Thank Dagg some chick from the DomPost asked him outright whether he thinks pseudoephedrine should be banned in NZ. His demand reduction dogma barked madly. He admitted to a Radio Live guy that NZ has a mature meth market, and the worst is over. He admitted that there are different problems associated with that. Mike "Paradox" Sabin contradicted his straight old line.

But what REALLY annoys the bejesus out of me, is that there was no input from actual users of pseudoephedrine. Like the Hearing ordering the Deaf about, or the pope dictating the laws of sex, where were the consumer groups? No sniffling shift workers, no blocked-nose radio announcers, no old grannies sitting in cold misery. Where were the health treatment clinics such as CADS, who deal with the professional end users on a regular basis?

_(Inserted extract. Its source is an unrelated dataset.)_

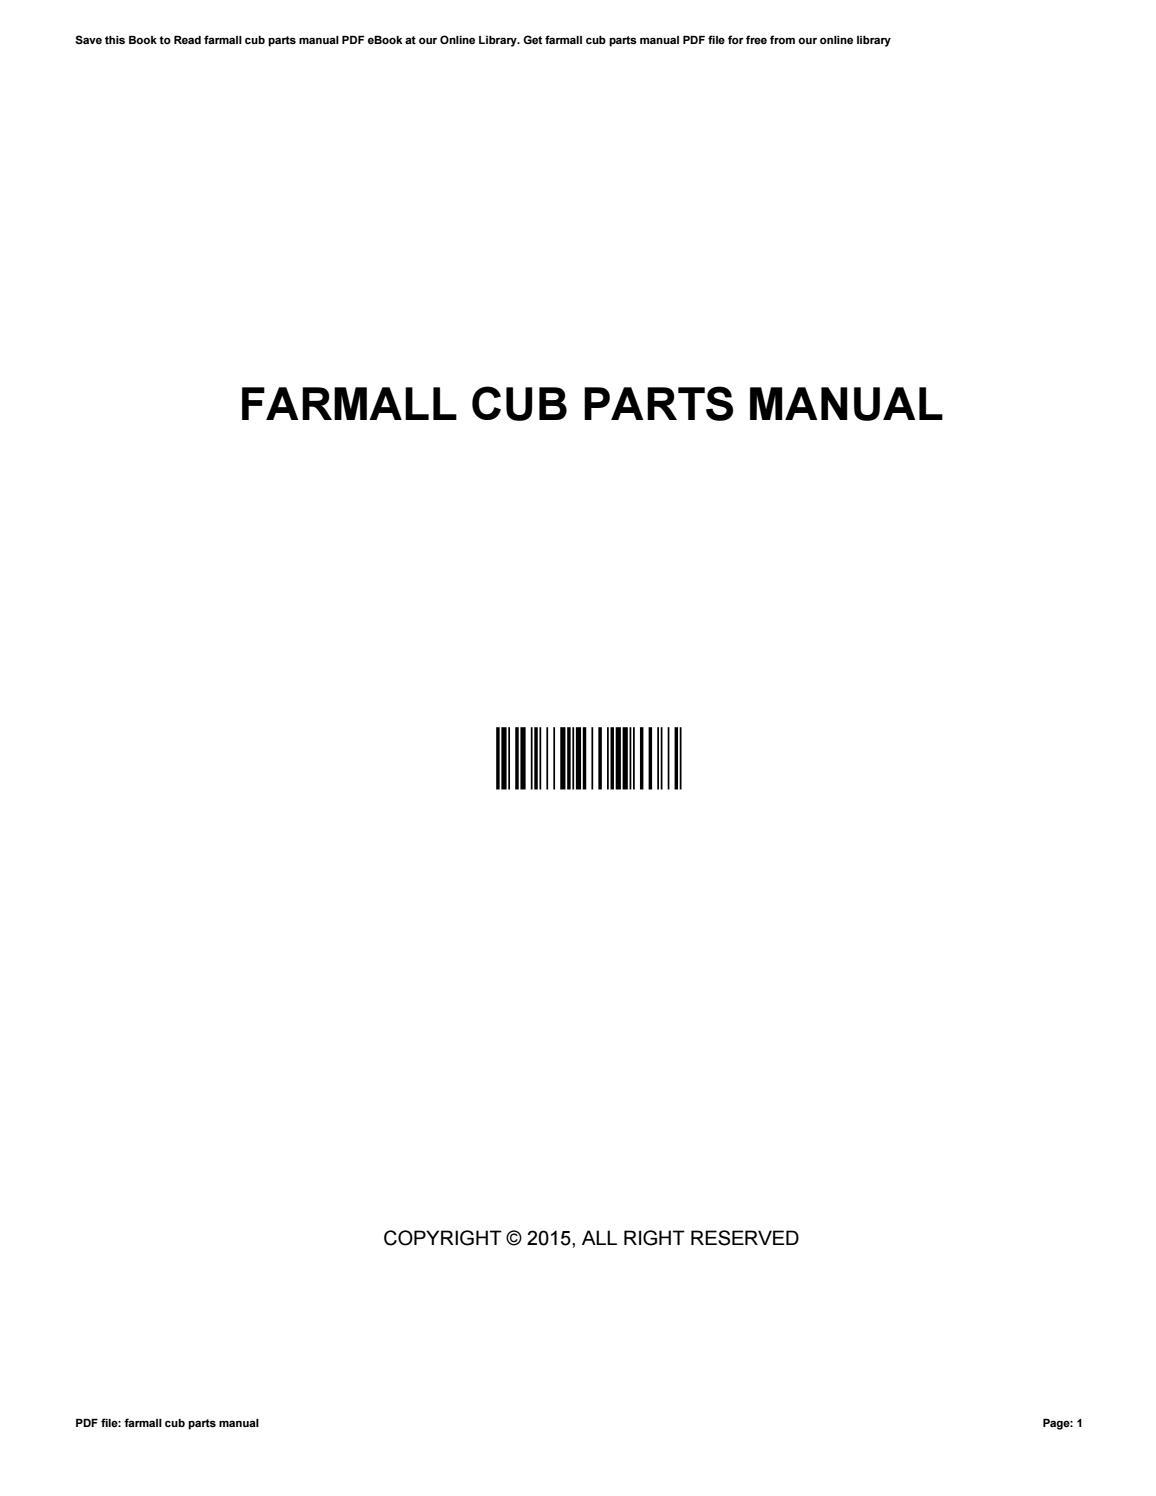 Farmall cub parts manual by MichaelMintz4376 - issuu

But I'll forgive the organisers. Stay tuned to the end of part two, where the DomPost chick leads a round of speculation on what John Key plans to do. The liklihood of becoming prescription only or an outright ban hung in the air like smoke.

Dr Chris Wilkins finishes with a much better idea than fiddling about with precursor prohibition. Get the ones who want help into treatment. Stop shorting the services that would really hit demand reduction effectively. Even Jim Anderton had to admit that truth with the Needle Exchange Clinics.

Stop punishing the majority and start taking care of the minorities. Stop treating health matters as criminal justice matters. Legalise drugs. It's cheaper on all fronts.